Ε = {0, 1} and Δ = {0, 1}

where Ε and Δ are the input and output alphabet respectively.

**The required Moore machine is constructed below:**

In the above diagram, the initial state ‘X’ on getting ‘0’ as the input it remains in the state of itself and prints ‘0’ as the output and on getting ‘1’ as the input it transmits to a state ‘Y’ and prints ‘1’ as the output so on for the remaining states.

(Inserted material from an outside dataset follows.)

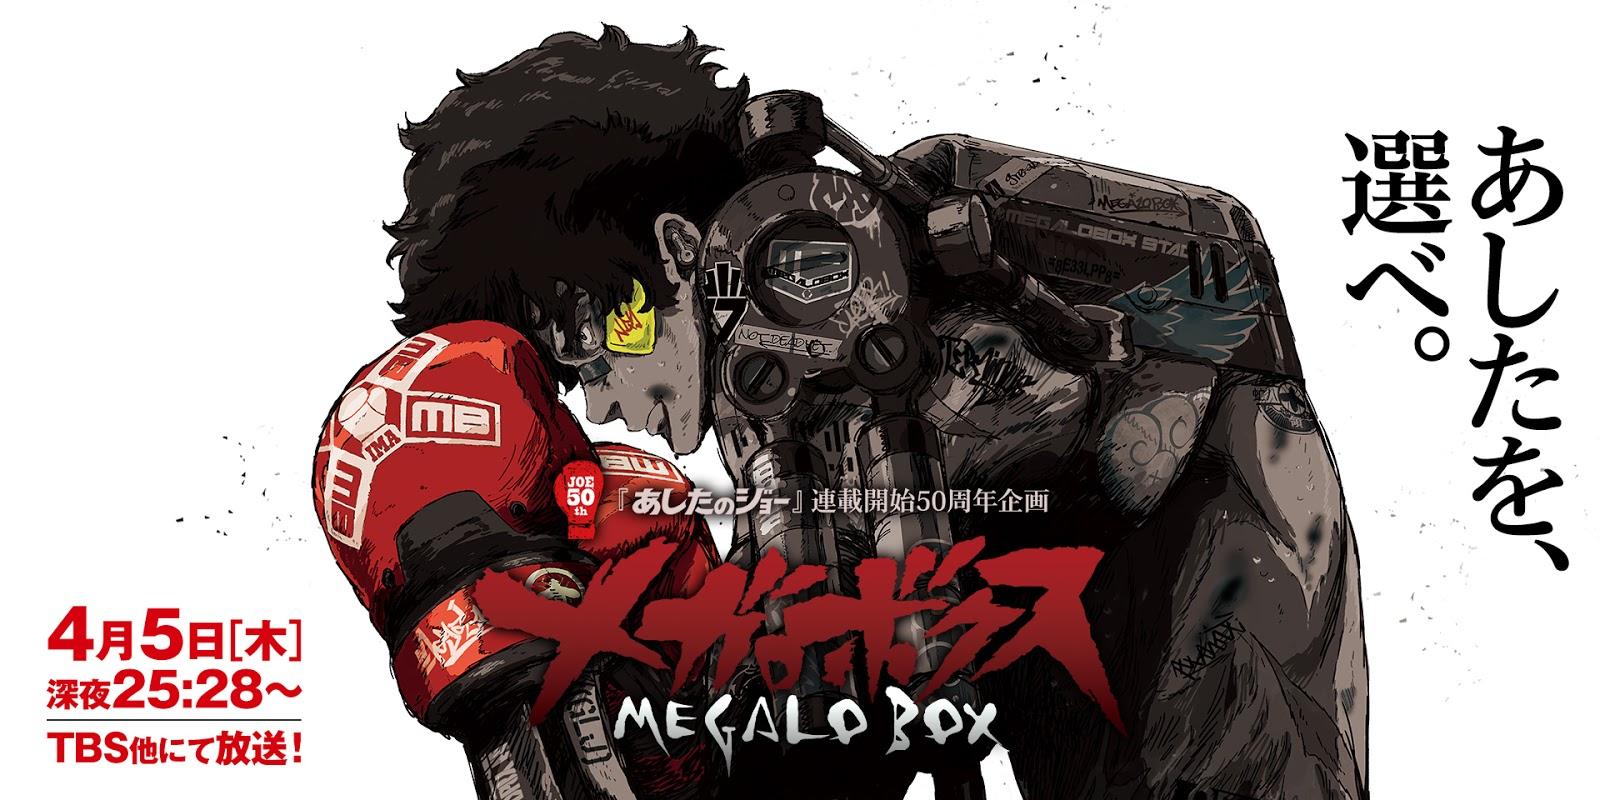 Megalo Box anime wallpaper hd

For **example**, when the input string is ’10’ then above Moore machine produce 0 as the output because the decimal equivalent of binary input ’10’ is 2 and 2 divided by 2 is 0 i.e, the remainder is 0. Thus finally above Moore machine can easily produce residue modulo ‘2’ as output i.e, when the equivalent decimal number of binary input over {0, 1} is divided by 2 then it gives output as it’s remainder.

**The required Mealy machine is constructed below:**

In the above diagram, the initial state ‘X’ on getting ‘0’ as the input it remains in the state of itself and prints ‘0’ as the output and on getting ‘1’ as the input it transmits to a state ‘Y’ and prints ‘1’ as the output. The state ‘Y’ on getting ‘1’ as the input it remains in the state of itself and prints ‘1’ as the output and on getting ‘0’ as the input it goes back to the initial state ‘X’ and prints ‘0’ as the output.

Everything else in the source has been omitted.